## Source material
*** Block opens ***

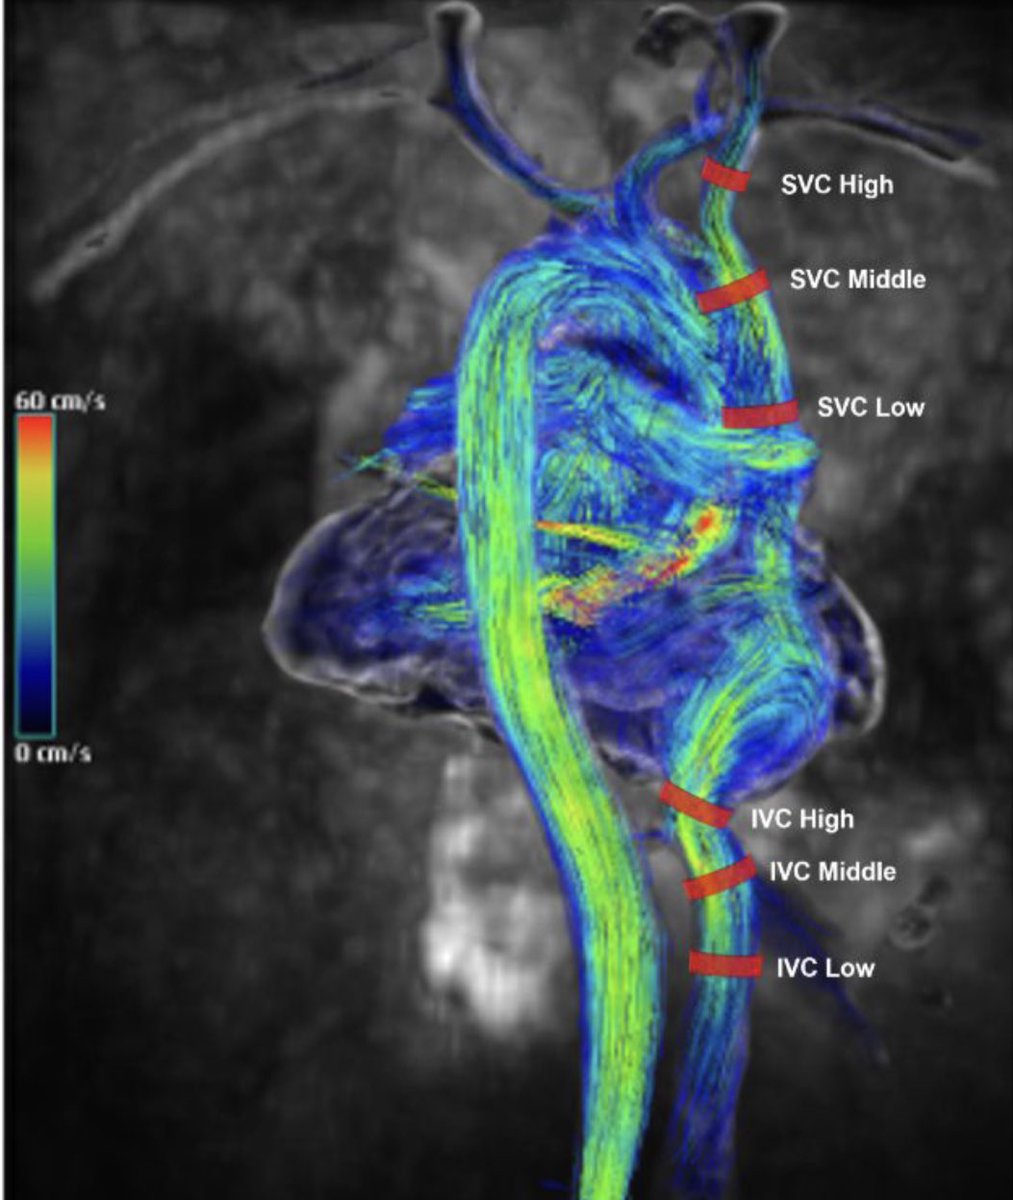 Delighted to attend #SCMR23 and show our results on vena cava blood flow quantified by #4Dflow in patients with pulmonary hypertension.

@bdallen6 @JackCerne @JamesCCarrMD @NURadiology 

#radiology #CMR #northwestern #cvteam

*** Block closes ***
*** Block opens ***

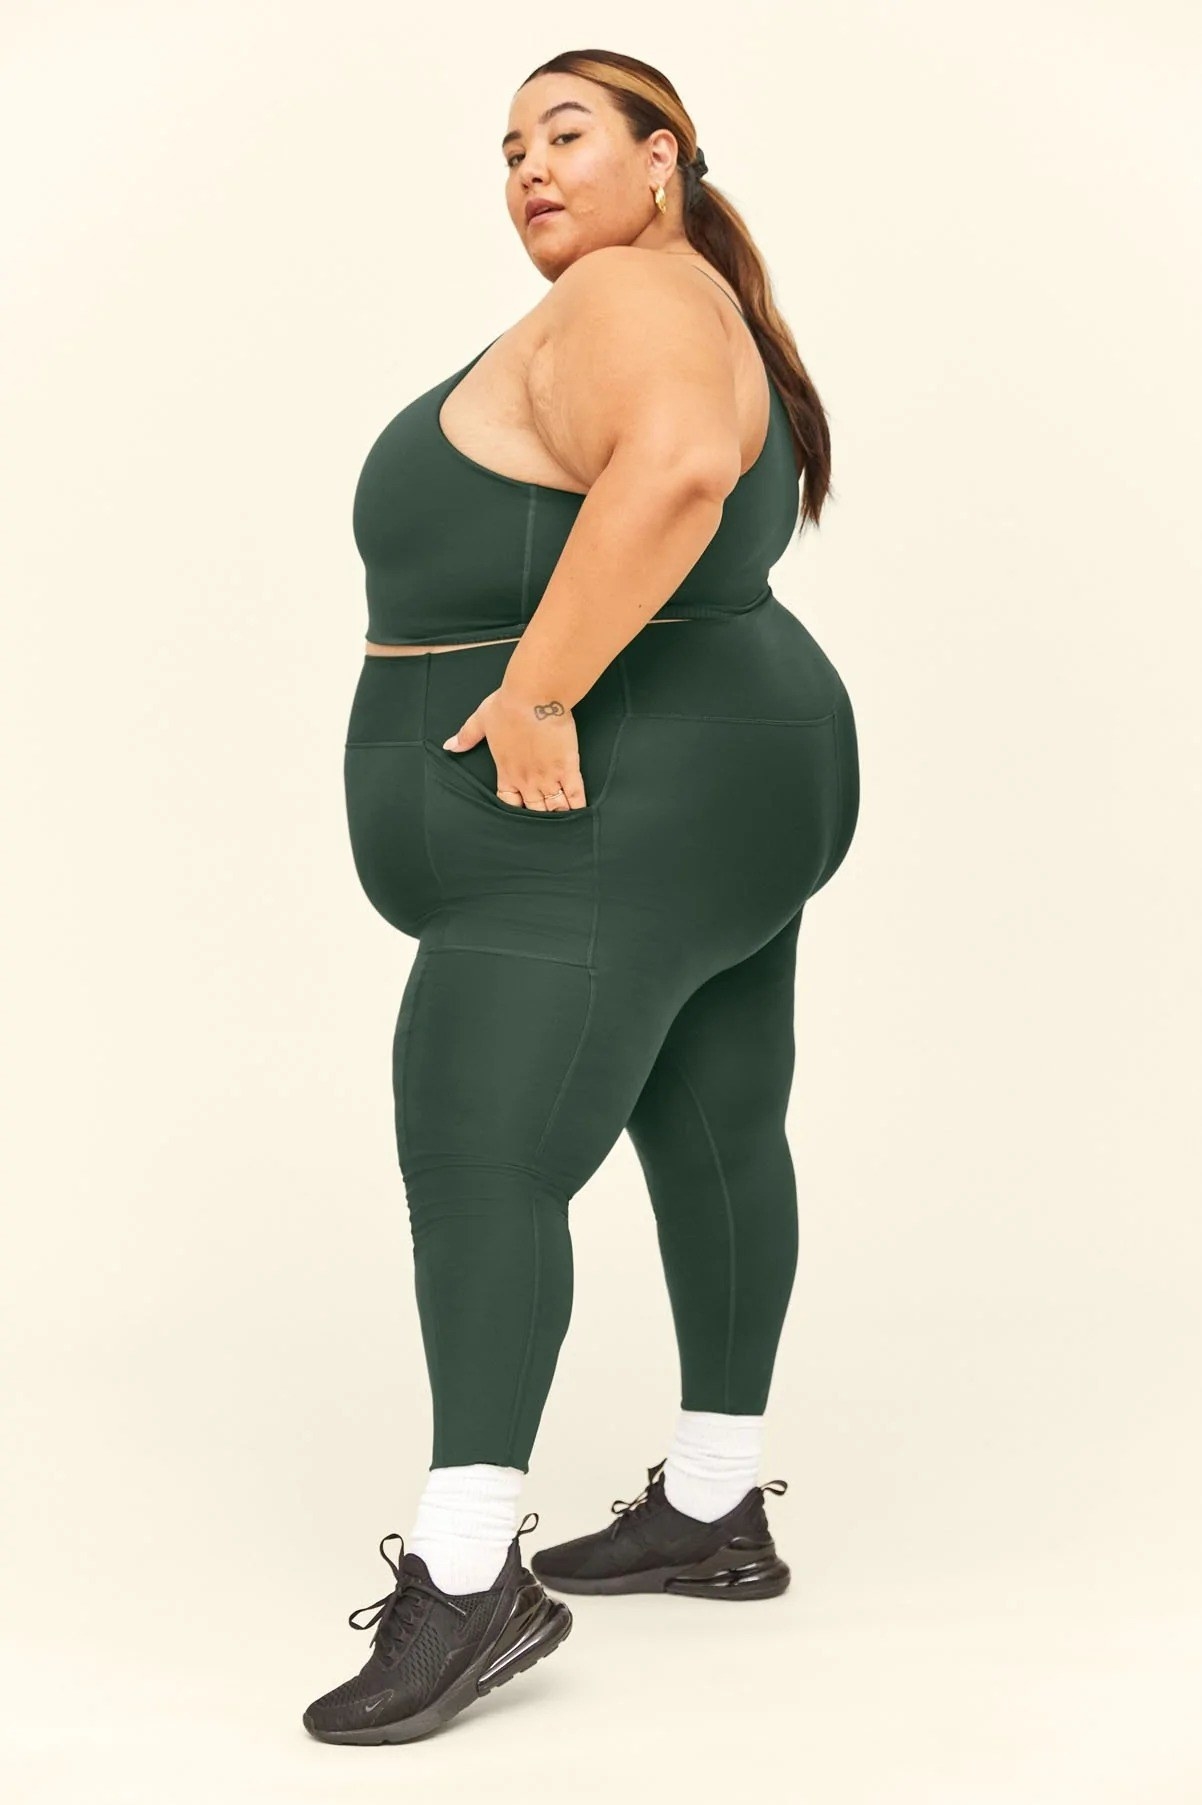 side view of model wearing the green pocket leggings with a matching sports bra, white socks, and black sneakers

*** Block closes ***

## Task to carry out
Range to copy from the listing above: the line with "Delighted to attend" through the line with "#radiology #CMR #northwestern #cvteam". Transcribe it exactly and skip the pictures.

## Output for this task
 Delighted to attend #SCMR23 and show our results on vena cava blood flow quantified by #4Dflow in patients with pulmonary hypertension.

@bdallen6 @JackCerne @JamesCCarrMD @NURadiology 

#radiology #CMR #northwestern #cvteam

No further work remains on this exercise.